Read an Excerpt
I came to consciousness slowly, my head swimming. Where was I? Dim red light, a narrow space, and the sense of walls going up high around me. I was lying naked, face down on a narrow convex black leather slab, unable to move my arms more than an inch, same with the legs. My arse was bare and felt squeezed up tight. Yes, broad leather belts were tied tightly below the cheeks, forcing them out. I felt thoroughly exposed, defenceless. But of course that was the whole idea.
I heard Michael, my CEO, going crisply through his summation of my failure to clinch the deal with the Chinese.
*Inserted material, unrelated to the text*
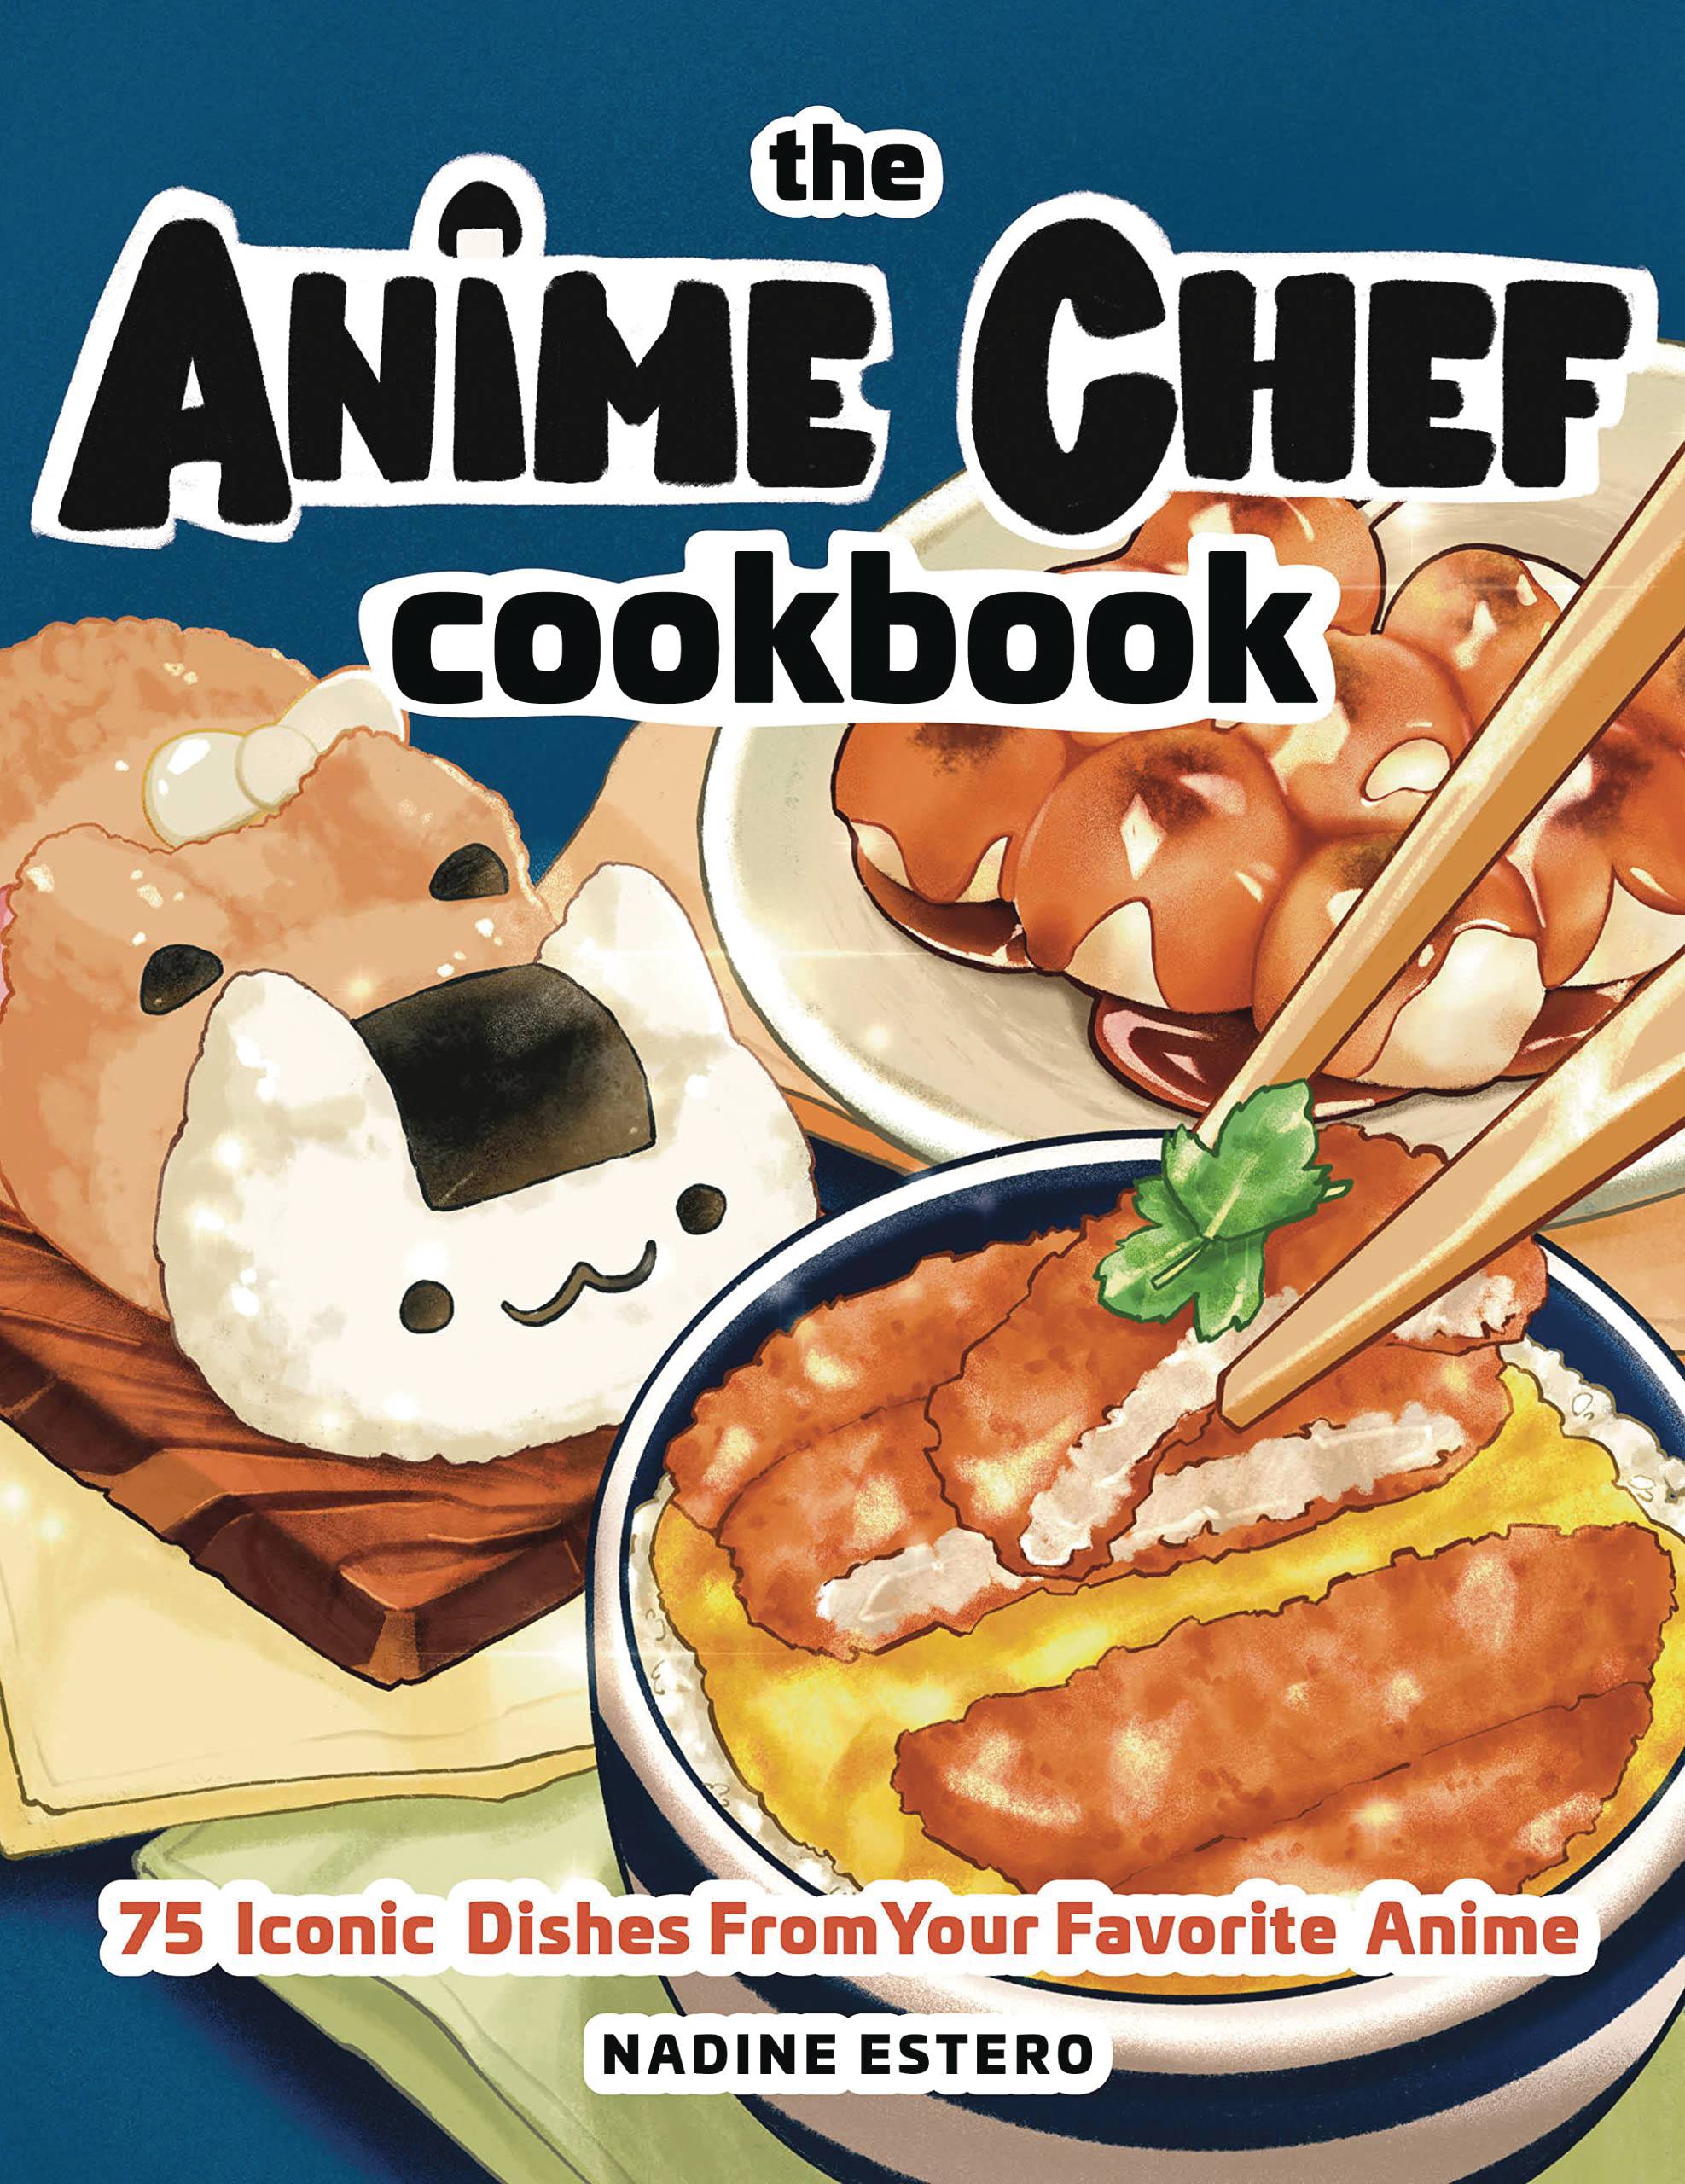 ANIME CHEF COOKBOOK 75 ICONIC DISHES FAVORITE ANIME HC

I’d got too cocky, hadn’t done my research properly, had relied on my reputation as an infallible negotiator; in short, I needed to learn a little humility. “Humility” was Michael’s buzzword now. In the global recessionary climate we had to shed our rapacious image and come over all understanding, empathy, sensitivity, greenness, ethics – bah!
To that end I was sent on a company-sponsored “humility fostering” course. But this was no ordinary sitting round the campfire, yawning before the whiteboard type thing. It was an open secret that Michael was a sex fetishist, an inveterate lover of spanking. He’d helped design the course which was run at a secret location in the south of France. And it had been tough. I hated to be subjected to any circumstances I couldn’t control. But I’d braved it out, I’d submitted, endured everything thrown at me. Worst of all, though, was that I was beginning to enjoy the spanking, but we were closely monitored day and night, even in bed, and there was no opportunity to deal with the massive build-up of horniness accumulated in the last week. Though today was my last day – if indeed it was day; it was impossible to tell where I was on the clock.
I was getting hot. I pressed myself into the leather slab, but my bonds wouldn’t allow for any more movement. I had to stop thinking about sex. But it was impossible. I’d been surrounded by gorgeous men all week, sleek, muscled, handsome. The director, or “headmaster” of the “school” was the hottest of the lot. And what a shock he’d delivered at our first “interview”.
He was behind a clinical-looking desk, plying me with questions about my work, my past, my goals, my “attitude” – and Christ, how I hate that word. Suddenly the door had opened and a tall, unsmiling blonde, a member of “security”, had entered and stood behind my chair. This became increasingly irritating, especially as the Head was insisting on teasing out personal things from my past. So invasive that I was forced to invent. Suddenly the chair was whirled round and the guard was glaring at me.
‘That isn’t true. Liar!’
‘And how would you know, sergeant?’
Before I knew it my face was squashed against the Head’s desk, my arms forced up my back.
‘Liar! We don’t like liars here!’
Skirt and panties were pulled down with one hand while her foot spread my legs. The Head spoke.
‘Before we proceed I’m obliged to remind you that you’re free to leave the school at any moment. You understand?’
I understood. I’ll get you for this, Michael, I promised myself grimly. If I left the course I’d lose my position at the company. I couldn’t let that happen.